The exceptional case of BITCOINZ
BITCOINZ (BTCZ), launched on 2017, is a pure cryptocurrency that offers solutions to all the five “flaws” of the legendary Bitcoin (described in the next paragraph).
At the same time BITCOINZ fulfills all the five fundamentals of a pure cryptocurrency :
1) It was founded by anonymous founders and it is a 100% Community Driven project, with no central authority issuing coins.
2) 100% of its coin supply is distributed to its network’s supporters (miners) with the Proof of Work model. Everyone if free to join it with the mining procedure using just a PC.
3) It had the fairest launch ever with absolutely no premine and no initial coin offerings.
4) It is an asset that acts as a hedge against inflation because it has a fixed maximum supply and reduced coin emission over time with fair and slow mining halving plan, every 4 years.
5) It offers the same rights and level of privacy to everyone.
How BITCOINZ fixed all the flaws of the classic BITCOIN?
1) Its scalability offered higher transaction speed and more transactions per second
2) BITCOINZ’s high maximum supply is the ideal for easier prices without long non integer numbers.
3) The 21B coin supply in combination with the much more transactions per second, guarantees super low, next to zero fees even if it had the BTC cap and network load. BitcoinZ is ideal for transferring even very small sums of under $10 with ~0% cost.

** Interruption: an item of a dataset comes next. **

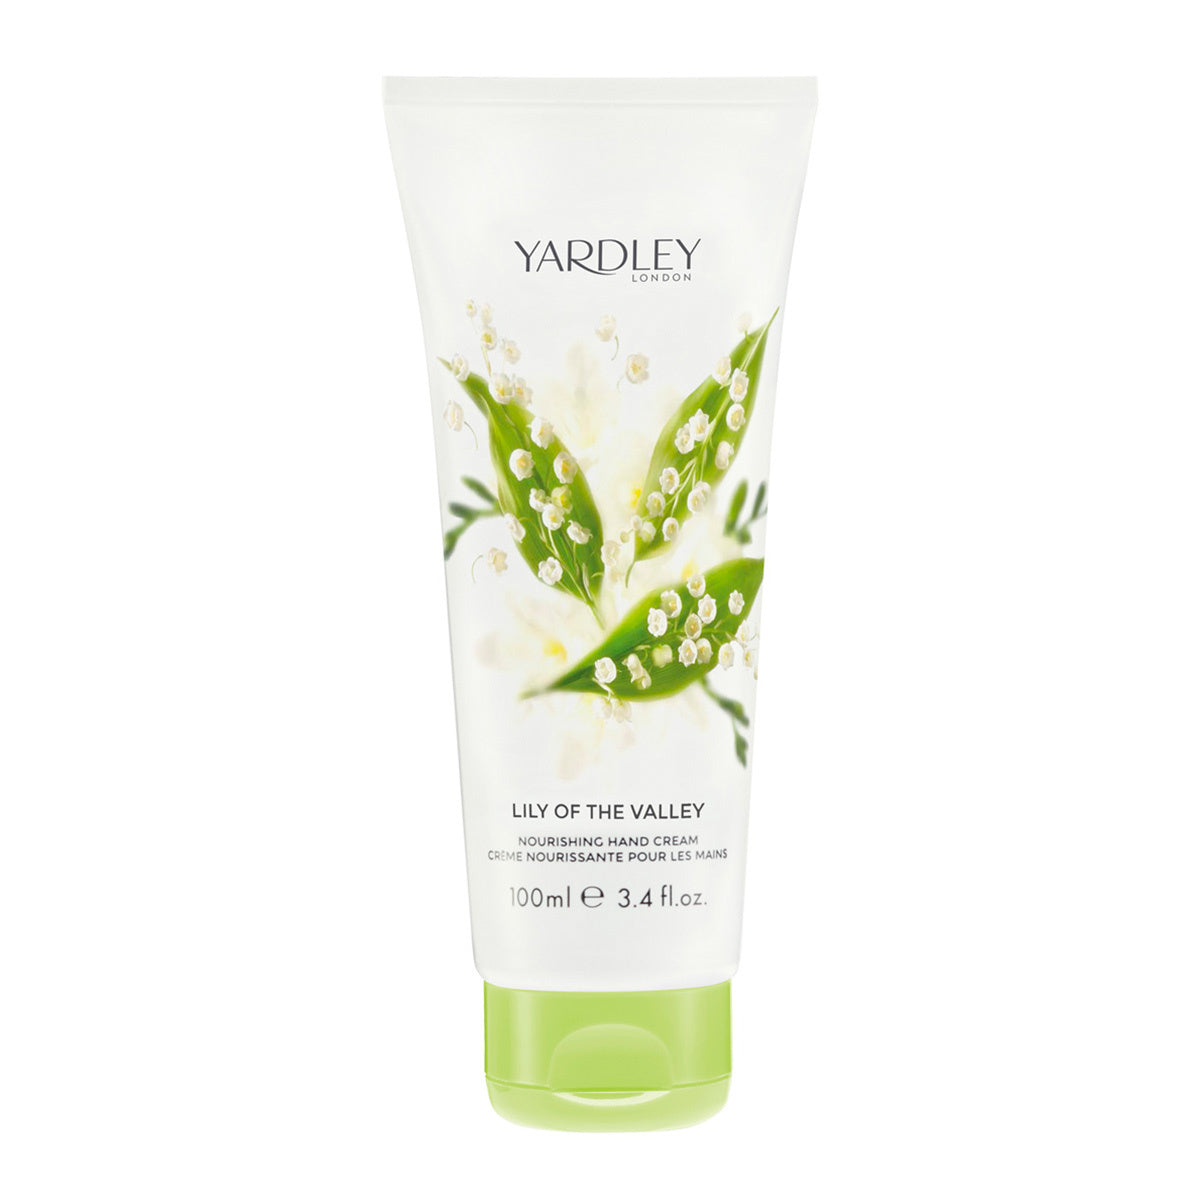 Primary image of Lily of the Valley Nourishing Hand Cream

4) BITCOINZ’s ASIC resistant Zhash algorithm protects the PC miners from the ASIC elites. This way it achieves a Decentralized Network with truly fair distribution of coins to the world Community. Not to the rich people owning an ASIC device.

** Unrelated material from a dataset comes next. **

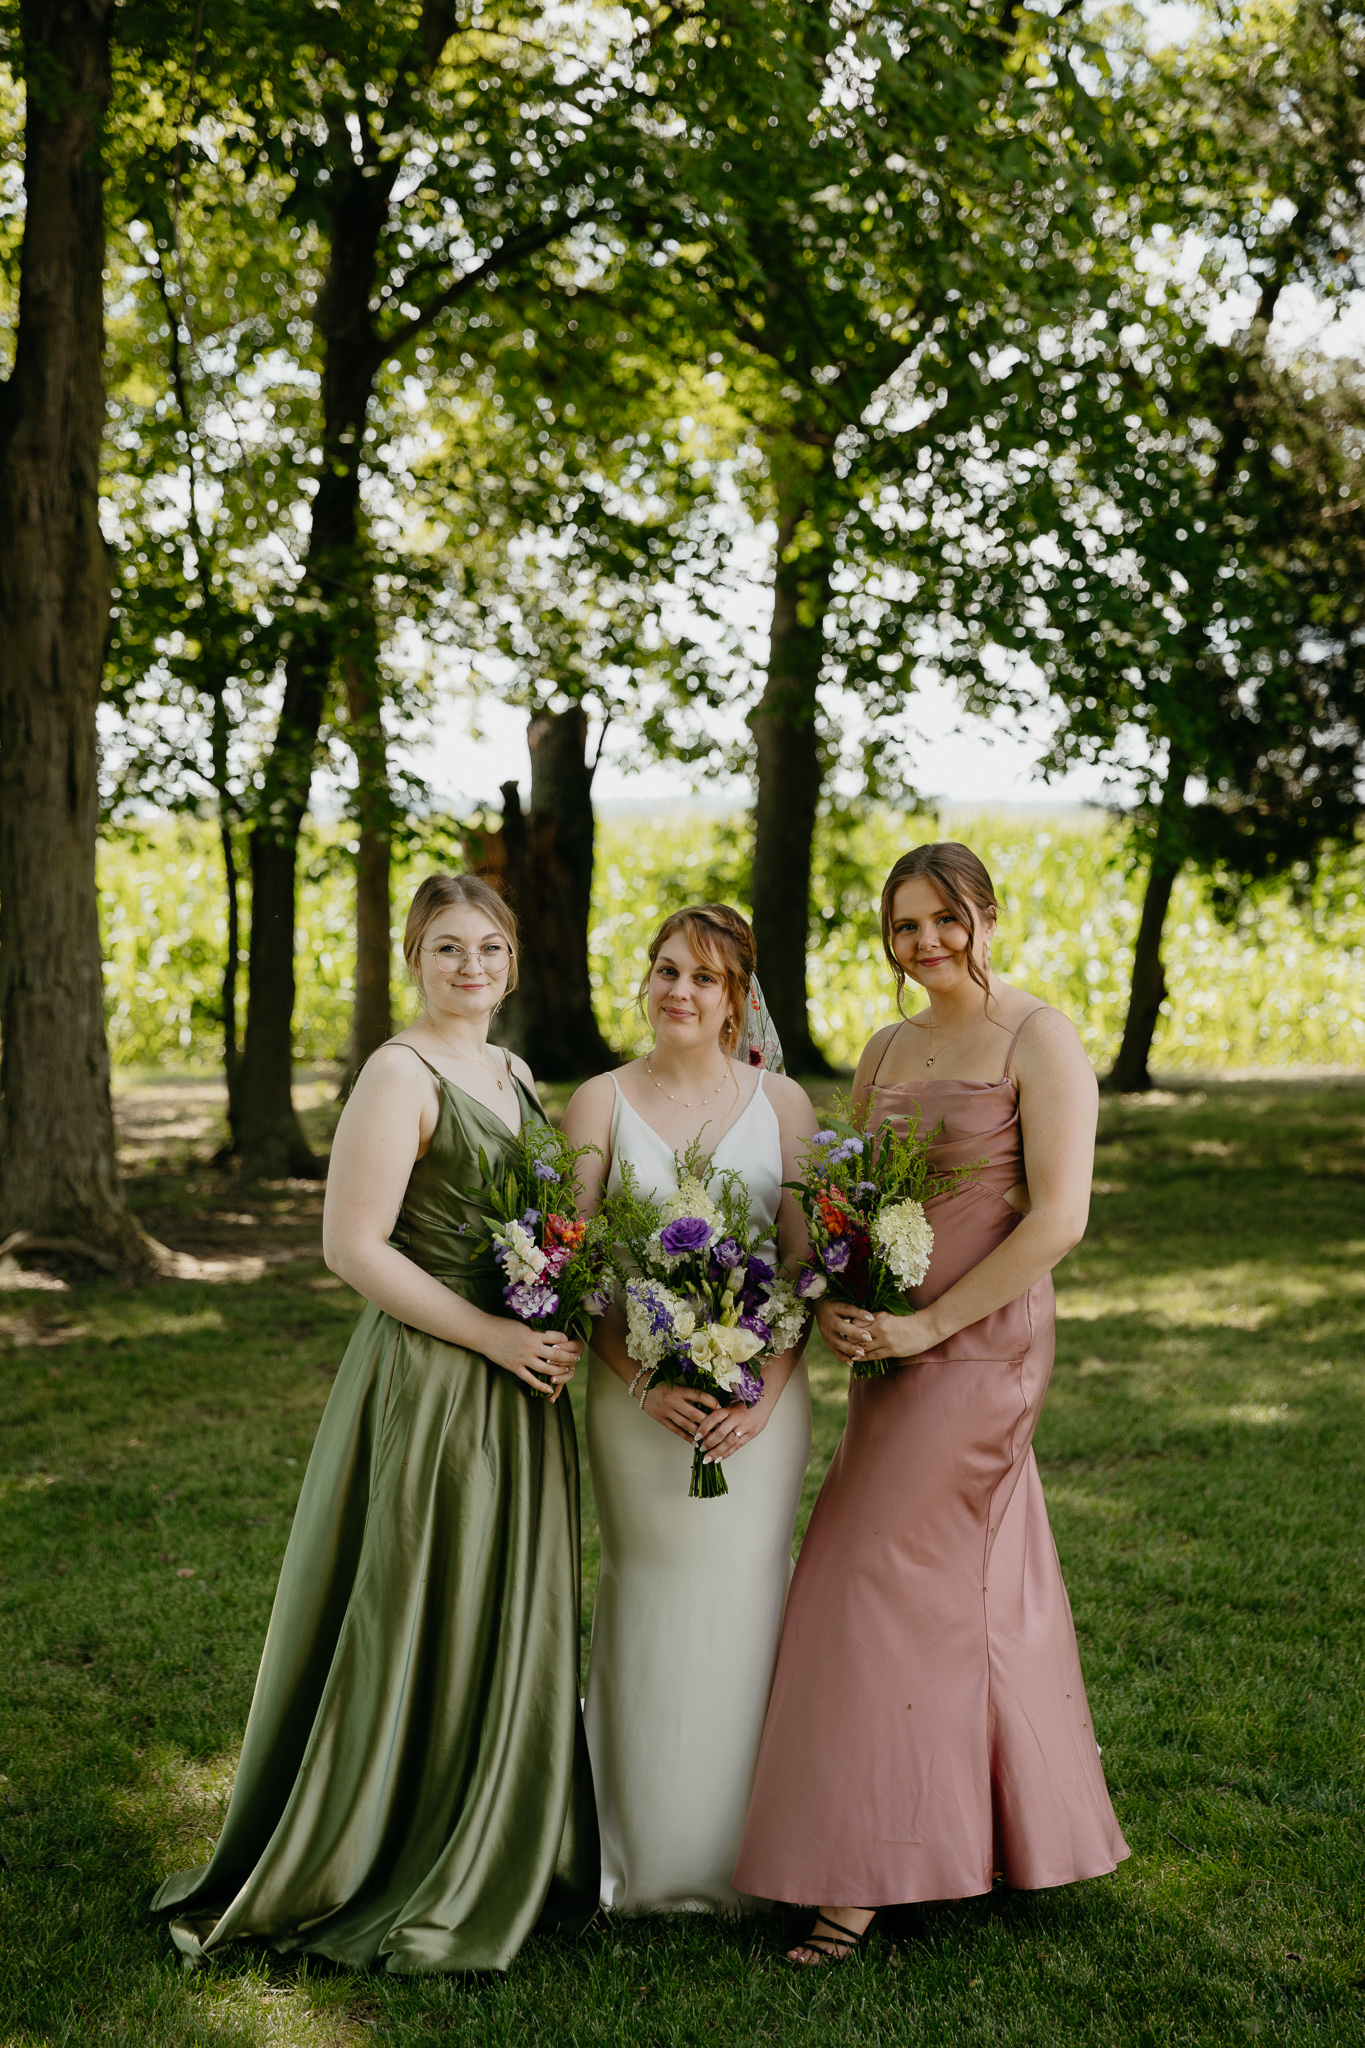 Outdoor Indiana Wedding in Summer // Bridal Party

5) BITCOINZ features private transactions offering true privacy for everyone.
6) (extra) BITCOINZ is a green Proof of Work Network since a) it utilizes a much more energy efficient algo than BTC b) the users can use their PCs for other activities while mining BTCZ because only the GPU is (mildly) used for the process and c) it supports more transactions per second with plenty of space for future upgrades.

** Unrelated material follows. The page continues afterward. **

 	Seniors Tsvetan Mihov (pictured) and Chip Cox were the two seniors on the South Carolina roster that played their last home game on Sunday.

Thus, BITCOINZ achieves to fix all the BITCOIN’s flaws, fulfilling at the same time and honoring all the Bitcoin’s five fundamentals that should accompany every pure cryptocurrency.
Why BITCOINZ uses the "BITCOIN" name and why it is really different from the so many projects that used it.
BITCOINZ used the "BITCOIN" name adding a Z because it honored and followed all the fundamentals that the classic BITCOIN introduced (fair rules, 100% Community Driven, 100% Decentralized, 100% Proof of Work) and at the same time it offed Zero fees, PC-mining only with its Zhash algorithm and optional privacy based on the Zk-snarks cryptography. So there was no better name to describe all these than "BITCOIN+Z".
It is worth mentioning that BITCOINZ is the oldest and maybe the only "BITCOIN" named project that can still be mined with a normal PC and it is not a Bitcoin blockchain fork, as it had its own genesis block.
The most of the other crypto projects that have used the "Bitcoin" name, did it afterwards, in a misleading way or they are just copies of the BITCOIN's blockchain (chain-forks) that have given free coins (forkdrops) to the Bitcoin holders. In such a way, these "BITCOIN" named projects try to enjoy a high free exposure by distributing coins to the BITCOIN owners. Sometimes bad actors from the BITCOIN chain-fork projects even try to steal the private keys from the BTC owners that claim their free coins.
In contrast, BITCOINZ had its own unique blockchain exactly like Bitcoin did and never made any forkdrops. Offering equal opportunities to everyone by distributing the 100% of its supply to the whole world Community and not to a closed team. Like a real cryptocurrency should be destined to do, like a gift of Freedom and Equality.